D’Alba agreed. But, as he may have suspected, he was being lured into a trap. According to his young son’s testimony as recorded by Sangiorgi, on the afternoon of the following day, 12 September 1897, the boss Tommaso D’Aleo and another mafioso came to D’Alba’s tavern where they ate, talked, and lingered. They offered a 100-lire note when asked to pay a 3.25 lire bill; it was a carefully pitched gesture of mistrust and hostility. At half past six in the evening D’Alba returned from the nearby shop where he had gone to change the 100-lire note. He took off his two gold rings, gold tie-pin, and other valuables, and placed them safely in a coffee cup on the shelf. Then he picked up his revolver and went out. Tommaso D’Aleo and the other mobster followed him.

Antonino D’Alba was never seen alive again. The mafia gossip mill churned out rumours of sightings in North Africa. A letter purporting to be from him was even sent from Tunis to his father.

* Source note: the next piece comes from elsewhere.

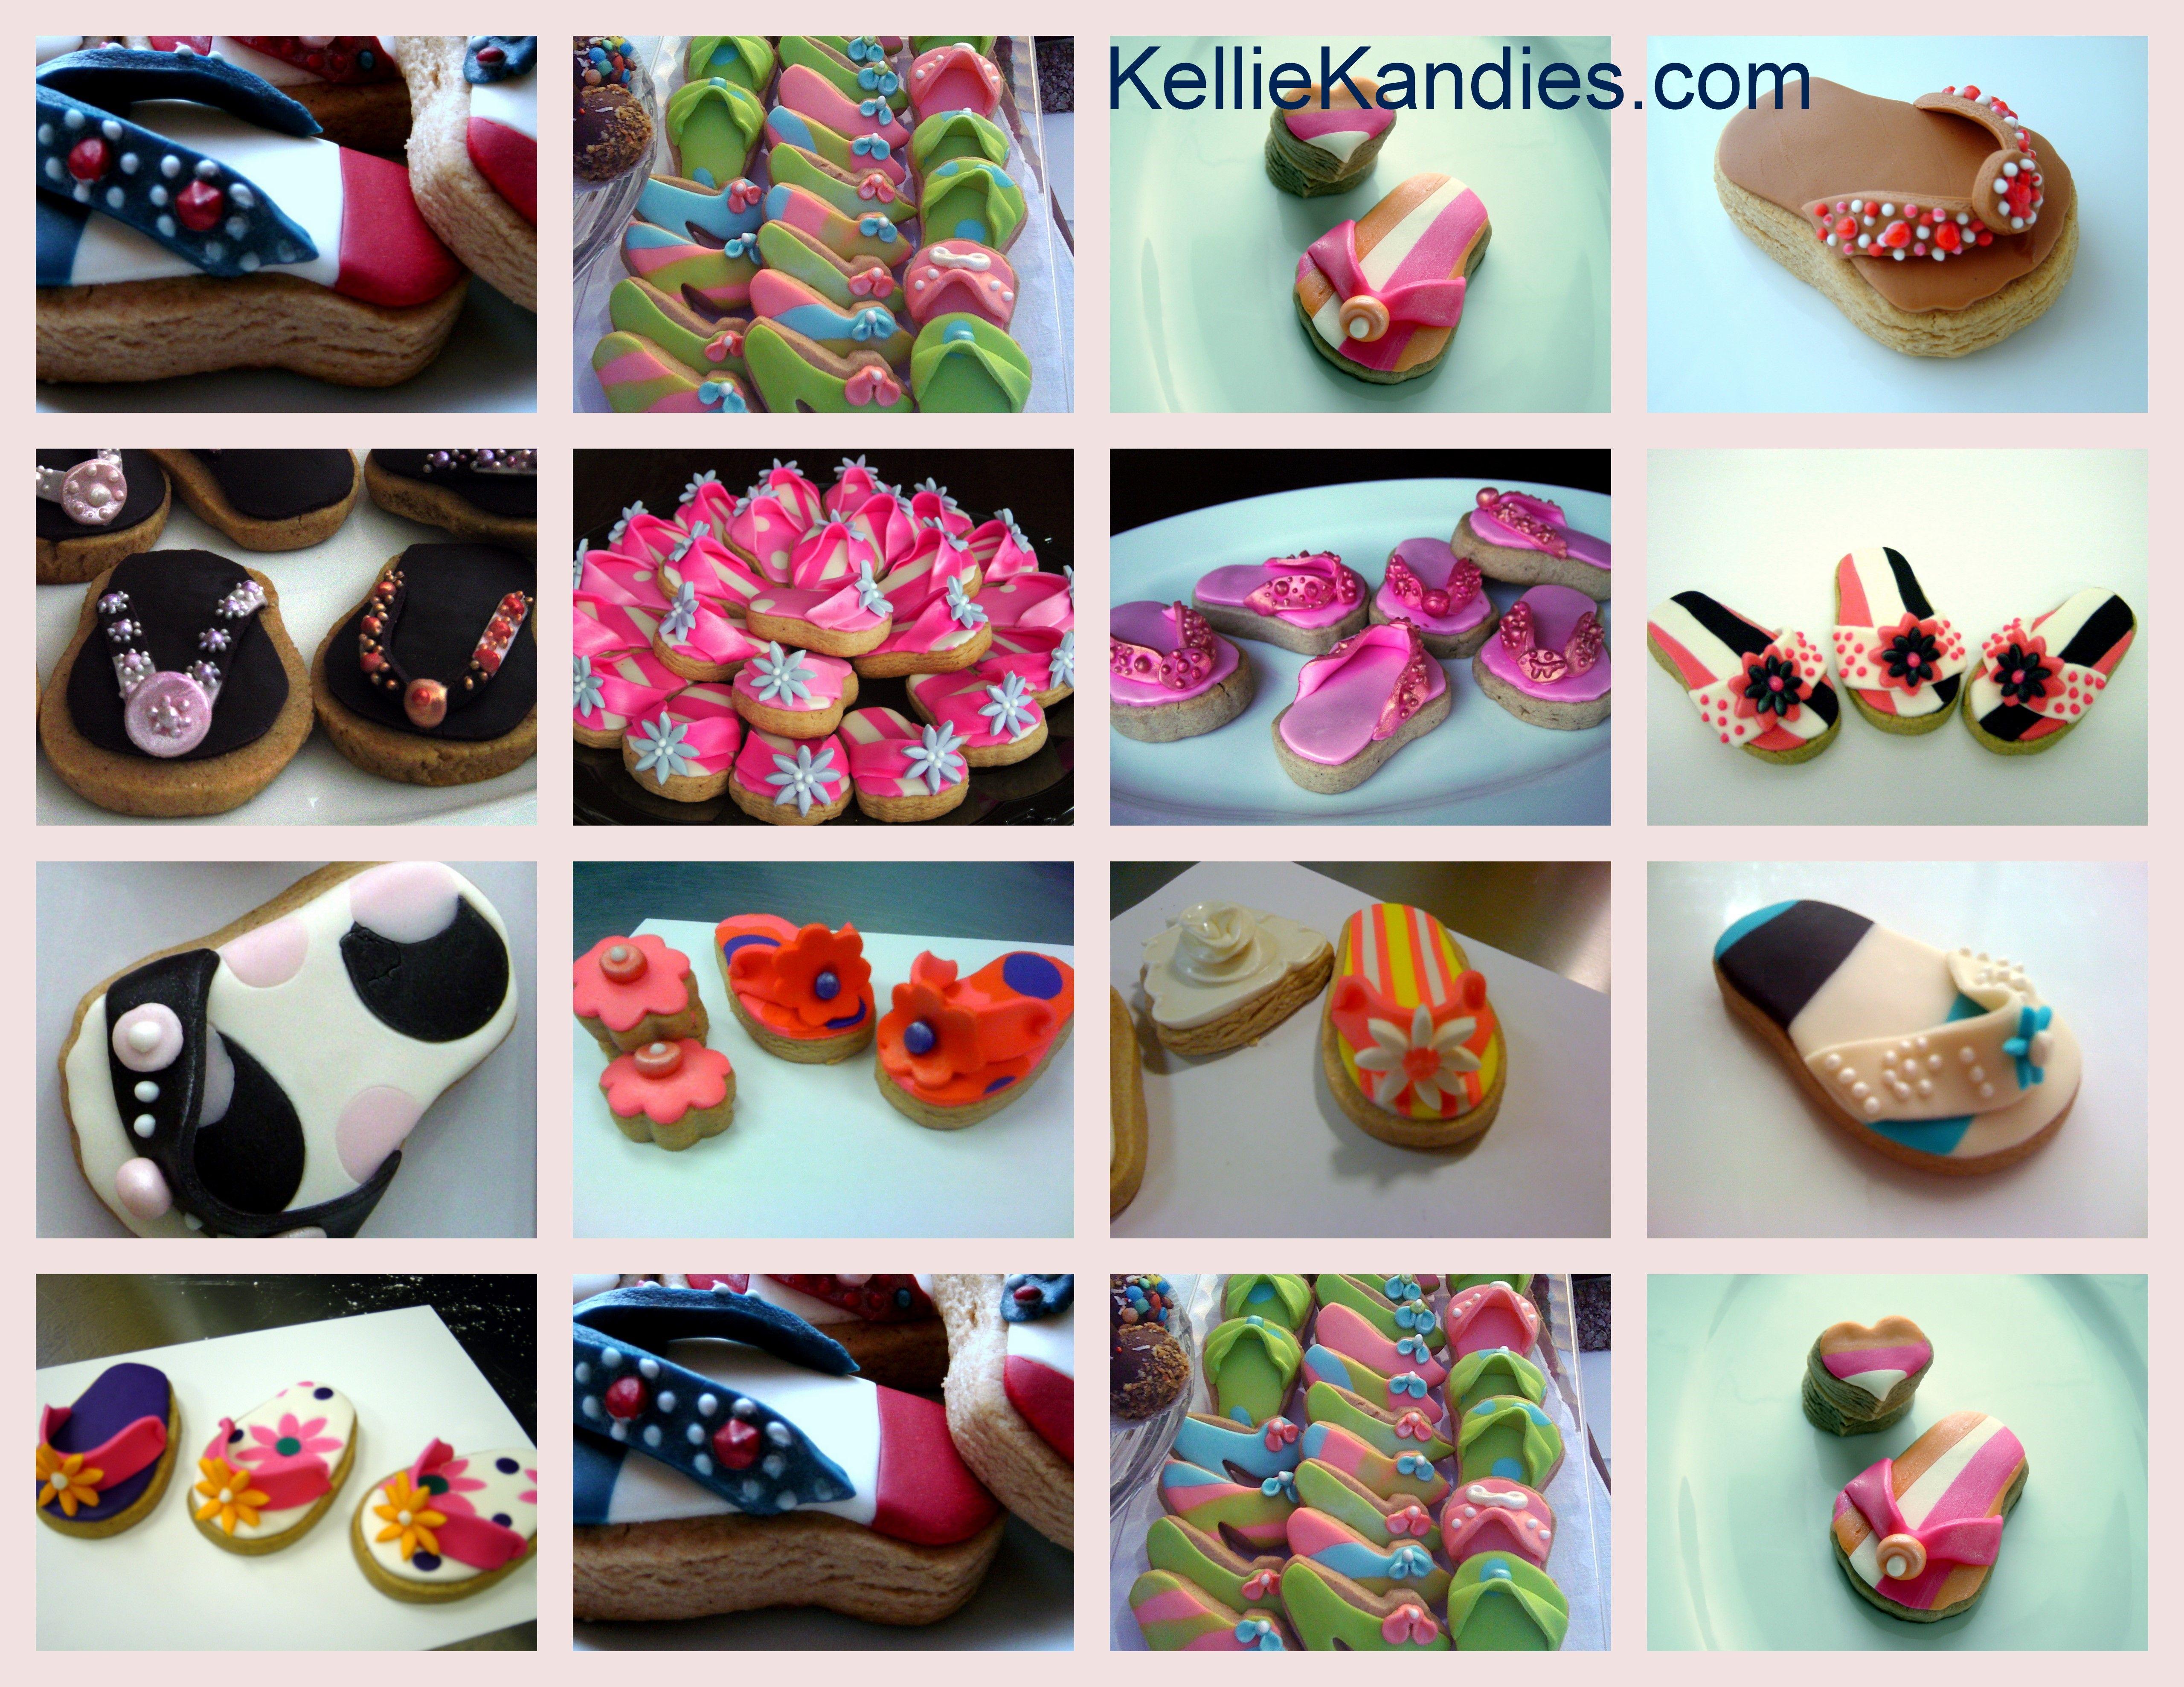 A few of our designer cookies.  kelliekandies.com

But by the time the letter arrived, the police had already found out that D’Alba had in fact been gunned down on the night of his disappearance by a large party of mafiosi on the Fondo Laganà.

*   *   *

Through his careful interviews with police informers, and his patient re-examination of evidence, Sangiorgi was beginning to piece together a complete picture of how the mafia operated; how its bitter conflicts were not merely the product of an outlaw sense of pride, but actually involved laws, legal proceedings, and a system of territorial control. The next stage of his investigation reached right from the Fondo Laganà to the domestic lives of the wealthiest and most famous families in Sicily: the Florios and the Whitakers. As Sangiorgi discovered, these two opulent dynasties lived alongside the mafia in contrasting ways. One of them was cynical, the other more resigned and put upon; but both were complicit in perpetuating the mafia’s power.

*   *   *

When European kings and princes visited Palermo, as they often did, there was one place where they were always received: a lavish villa set in a private park in Olivuzza in the Conca d’Oro. It belonged to Ignazio Florio Jr. In 1891, at twenty-three, Ignazio inherited the greatest fortune in Italy. It was said that 16,000 people in Palermo alone ‘ate his bread’. The Florios had extensive interests in sulphur, light and heavy engineering, tuna fishing, pottery, insurance, finance, Marsala wine and, above all, shipping. The house of Florio was the major shareholder in NGI, Navigazione Generale Italiana, Italy’s leading shipping concern and one of the biggest in Europe.

But when Ignazio Jr came into his inheritance, the family’s fabulous wealth had already begun to decay from the inside. NGI had grown fat on government contracts and subsidies arranged by his father’s carefully cultivated political contacts. Now it was becoming clear how uncompetitive it was. Moreover, the country’s political and economic centre of gravity was shifting inexorably northwards, to the cities of Genoa, Turin, and Milan. The Florios’ influence slipped away at increasing speed. Before he was forty, Ignazio Jr had lost control of a fortune that it had taken three generations to build. In 1908, he was forced to sell the family’s NGI holding; it is as good a date as any to mark the end of the Palermo
belle époque
that began when he became head of the family in 1891. These were the years when Sicilian high society orbited around the dying sun of Florio money. The press called Palermo ‘Floriopolis’, but this was its last flowering as a great European city.